Dermatology is a branch of medicine dealing with the skin and its appendages (hair, nails, sweat glands etc). A medical doctor who specializes in dermatology is a dermatologist.

Contents

Scope of the field

Dermatologists are physicians (medical doctors) specializing in the diagnosis and treatment of diseases and tumors of the skin and its appendages. There are medical and surgical sides to the specialty. Dermasurgeons practice skin cancer surgery (including Mohs' micrographic surgery), laser surgery, photodynamic therapy (PDT) and cosmetic procedures using botulinum toxin ('Botox'), soft tissue fillers, sclerotherapy and liposuction. Dermatopathologists interpret tissue under the microscope (histopathology). Pediatric dermatologists specialize in the diagnoses and treatment of skin disease in children. Immunodermatologists specialize in the diagnosis and management of skin diseases driven by an altered immune system including blistering (bullous) diseases like pemphigus. In addition, there are a wide range of congenital syndromes managed by dermatologists.

Training Program

Residency training program in North America

A minimum of 12 years of college and post graduate training is required to become a dermatologist in the United States and Canada. This includes graduation from a 4-year college, a 4-year medical school followed by a year of post graduate training in medicine, surgery or pediatrics (called an internship) after which a physician may apply for admission to graduate dermatology residency training. Dermatology residencies are among the most competitive in terms of admission criteria. Following the successful completion of formal residency training in dermatology (3 years) the physician is qualified to take certifying board examinations (written and oral) by the American Board of Dermatology or the American Osteopathic College of Dermatology. Once board certified, dermatologists become Diplomates of the American Board of Dermatology or the American Osteopathic College of Dermatology AOCD. They are then eligible to apply for fellowship status in the American Academy of Dermatology. Some dermatologists undertake advanced subspecialty training in programs known as fellowships after completion of their residency training. These fellowships are either one or two years in duration. Fellowships in dermatology include pediatric dermatology, surgical dermatology including MOHS micrographic surgery, dermatopathology (pathology of skin diseases) and dermatological immunology.
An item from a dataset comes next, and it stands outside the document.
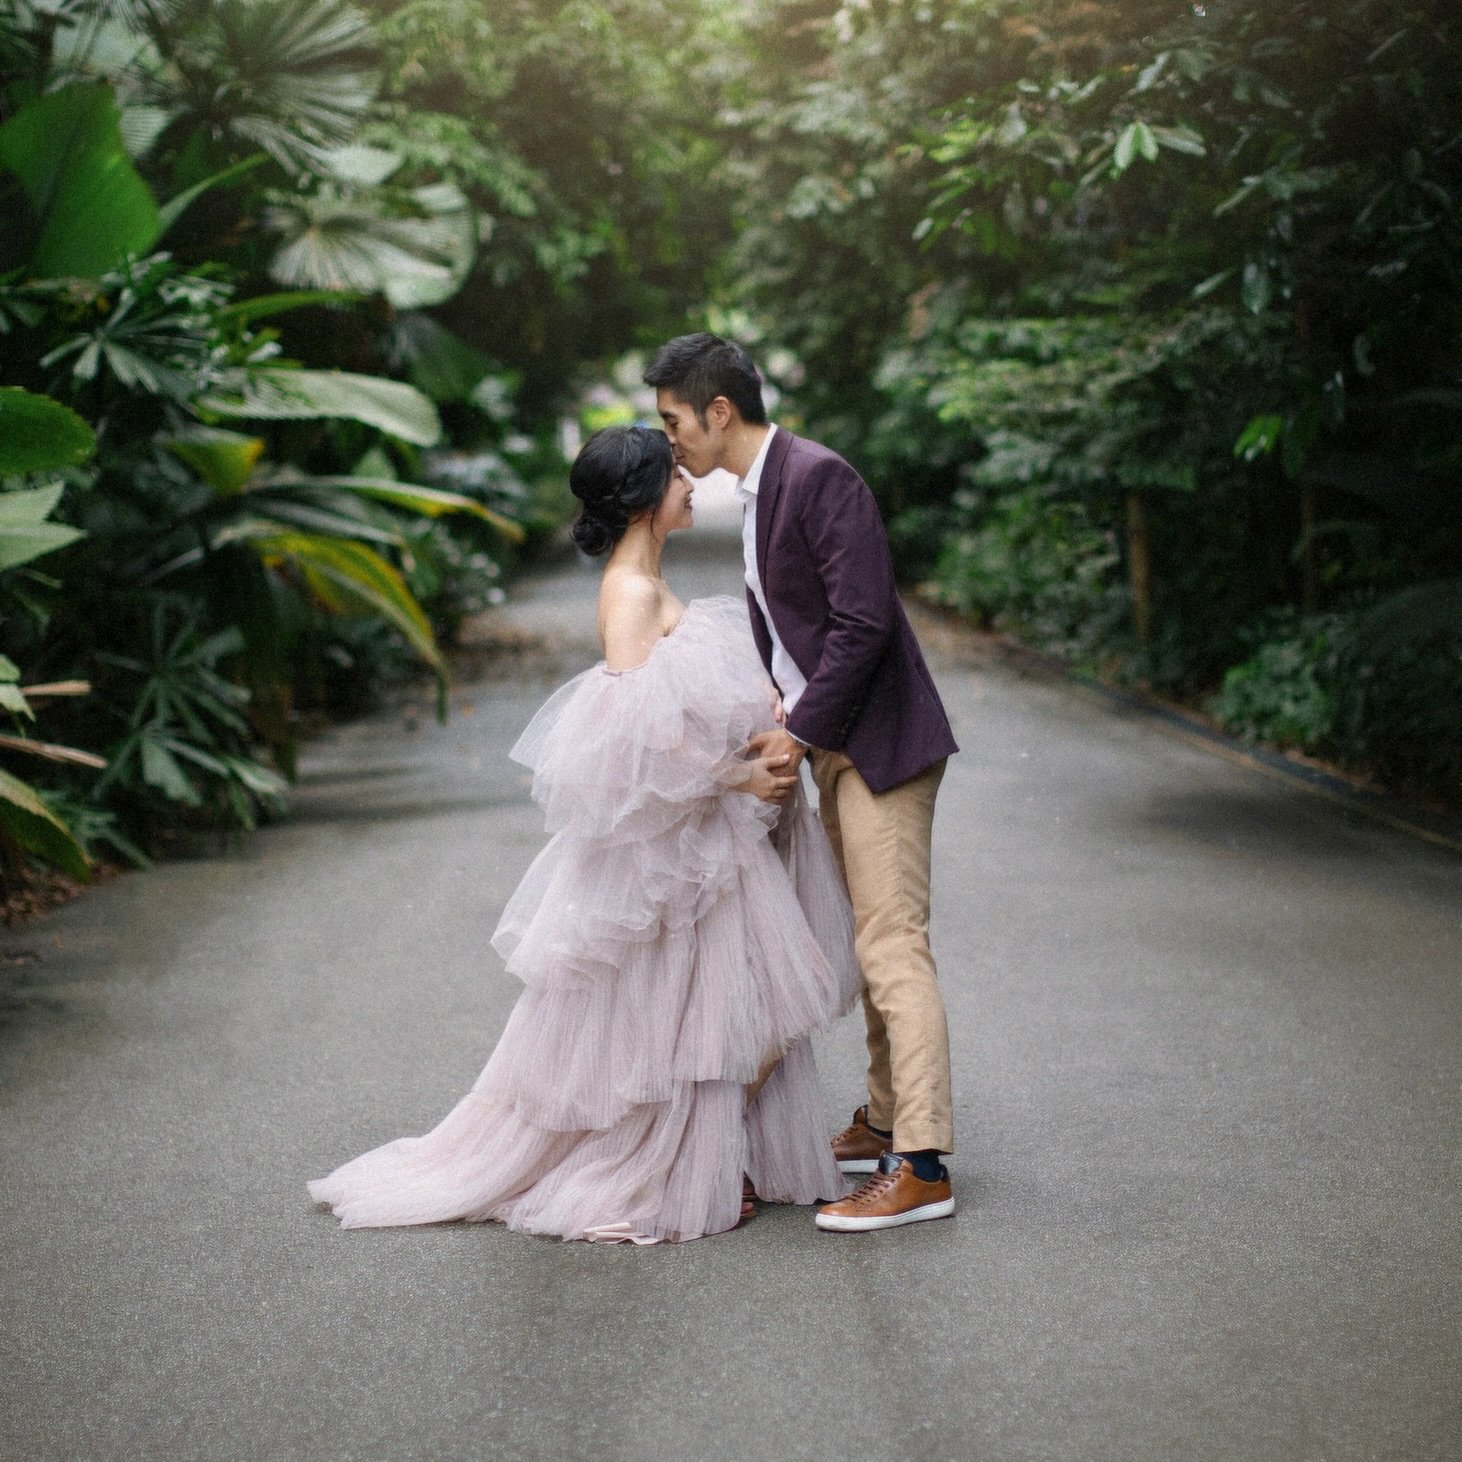 🌿✨ Maternity Magic at the Botanical Garden ✨🌿

What a beautiful day it was, despite the rain, capturing moments with Janine and Kenneth! 🌧️💑 Janine looked absolutely stunning in one of my haute couture maternity dresses (sorry Kenneth, not your s

Training program in Australia

An Australian specialist dermatologist will have completed 6 years of medical school, one internship year and at least one year of general medical or surgical service in the public hospital system, prior to becoming eligible for specialist training in dermatology. The selection process is rigorous and transparent; candidates must pass science and pharmacology exams and engage in monitored and assessed practical training in medical and surgical dermatology. At the completion of the 5 year training programme, trainees sit a national written examination held over two days. Successful candidates may then proceed to the practical viva examination (held over 2 days) after which they may apply for fellowship status with the Australasian College of Dermatologists.

Training program in India

To be a dermatologist in India, a minimum of 3 years of training is required after graduation from medical school and internship. The period involves rigorous training in all aspects of general dermatology, cosmetic dermatology, venereal diseases (including HIV) and leprosy. At the end of the training period the resident has to go through written tests and clinical exams. The degree awarded is MD (dermatology, venereology and leprosy). Most specialists also go for certification by the national board (for the award of 'diplomate of national board').

Scope of practice

Dermatologists are engaged in the management of benign and malignant skin tumors as well as congenital disorders such as port wine stains and the ever expanding field of cosmetic dermatology. They utilize traditional scalpel surgery, lasers, chemosurgery, electrosurgery, cryosurgery, topical and injection immunotherapy, photodynamic treatments and chemotherapy in their treatment armamentarium.

Subspecialties

The skin is the largest organ of the body and obviously the most visible. Although many skin diseases are isolated, some are manifestations of internal disease. Hence, a dermatologist is schooled in aspects of surgery, rheumatology (many rheumatic diseases can feature skin symptoms and signs), immunology, neurology (the "neurocuteaneous syndromes", such as neurofibromatosis and tuberous sclerosis), infectious diseases and endocrinology. The study of genetics is also becoming increasingly important.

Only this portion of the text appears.